Und dann interessiert es eben nicht mehr, dass Mousli in vier Vernehmungen drei verschiedene
Versionen der Geldtransaktion gegeben hat. Ausgangpunkt ist eine Überweisung auf das Konto der
damaligen Lebensgefährtin des Kronzeugen Karmen T. über 50.000 Mark im November 1994. Das
Geld stammt von einer Tante von Michael W. aus Kanada. (vgl. 63. Prozesstag, 21.2.2002) Anfang
Dezember gibt Mousli dazu an: "Diese 50.000 DM waren für die RZ bestimmt. Ich habe sie später
über 'Siggi' weiter geleitet." Am 12.1.2000 konkretisiert er: "Diese 50.000 DM plus 10.000 DM, also
60.000 DM, übergab ich kurz nachdem das Geld bei mir eingegangen war an 'Siggi', der es an die RZ
weiterleitete." Nach Vorlage von Kontoauszügen, die u.a. den Eingang eines Orderschecks seines
Bruders Talal Mousli in Höhe von 100.000 Mark und eine Barauszahlung in Höhe von 25.000 Mark
ausweisen, revidiert er seine frühere Version in einer Vernehmung am 29.2.2000. Jetzt gibt er an, dass
die 60.000 Mark sich aus den 25.000 Mark der Barauszahlung und der Rest in Höhe von 35.000 Mark
aus Barbeständen zusammensetzen würden. Version Nummer 3 bietet Mousli dann am 6.7.2000 feil:
"Auf dem Kontoauszug Blatt 1, Nr. 1 vom 11.1.1995 sieht man den Eingang von 50.000 DM, sowie
eine Barauszahlung von 25.000 DM. Auf dem Blatt Nr. 3 desselben Kontoauszugs sieht man eine
weitere Barauszahlung über 3.500 DM. Diese drei Vorgänge haben RZ-Relevanz." Nach dieser
Version war die Stückelung der Gesamtsumme von 60.000 Mark also 28.500 Mark vom Konto und
32.500 Mark aus Barbeständen.

Auch Schulzke bestätigte heute diese unterschiedlichen Darstellungen.

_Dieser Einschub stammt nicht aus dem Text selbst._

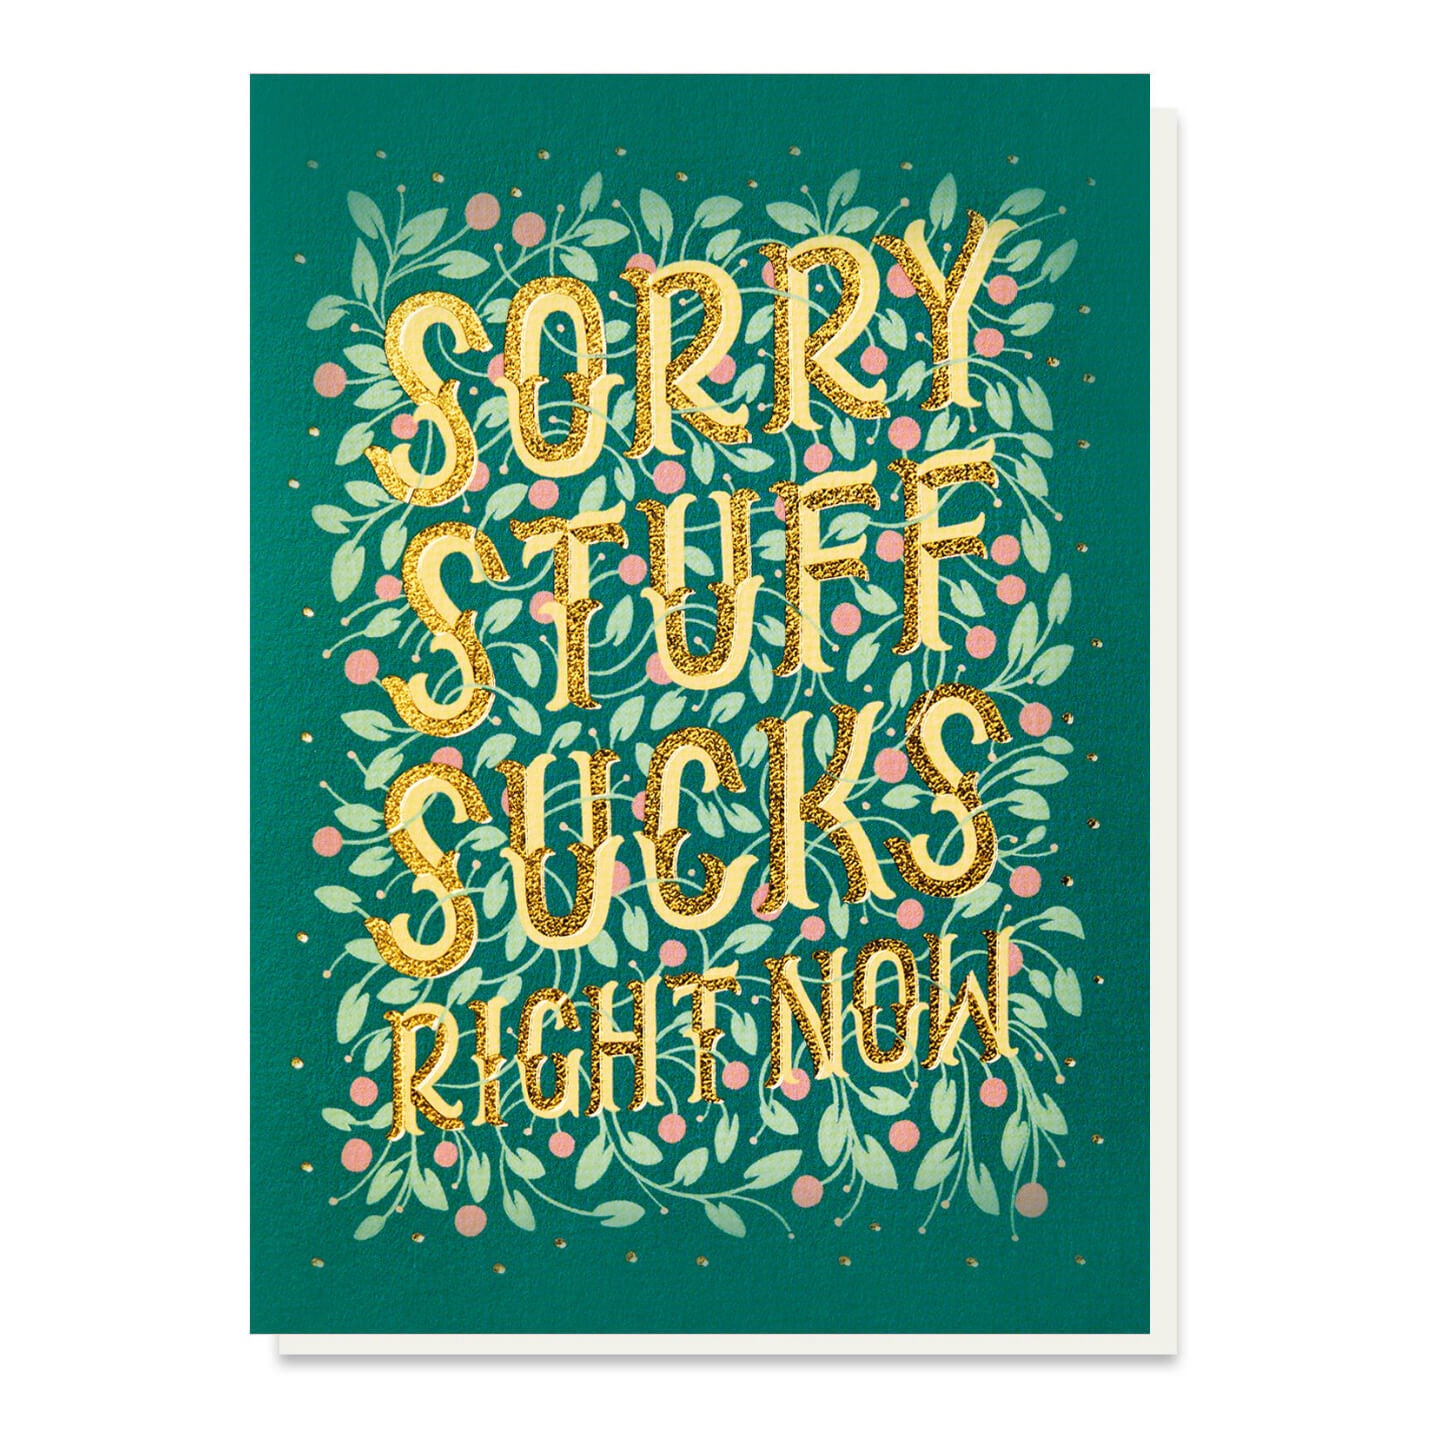 Sorry Stuff Sucks Greetings Card

Immer wieder versicherte er:
"Ich kann mich erinnern, dass das, was Herr Mousli gesagt hat, auch so protokolliert wurde." Aber
warum widerspricht sich der Kronzeuge? Hat es diese angeblichen Geldtransaktion mit "RZ-
Relevanz" vielleicht nie gegeben? Ist das Geld eventuell für ganz andere Zwecke verwendet worden?
Karmen T., über deren Konto die Geldgeschäfte Mouslis zu dieser Zeit abgewickelt wurde, sagte
jedenfalls in einer Vernehmung im Juli 1999: "Mir ist heute nur noch erinnerlich, dass Tarek dieses
verbliebene Guthaben (also 125.000 DM, nachdem Mousli 25.000 DM für eine Geschäftseinlage für
sein Sportstudio Snoops bar abgehoben hat) in ca. einem Monat verbraucht hat."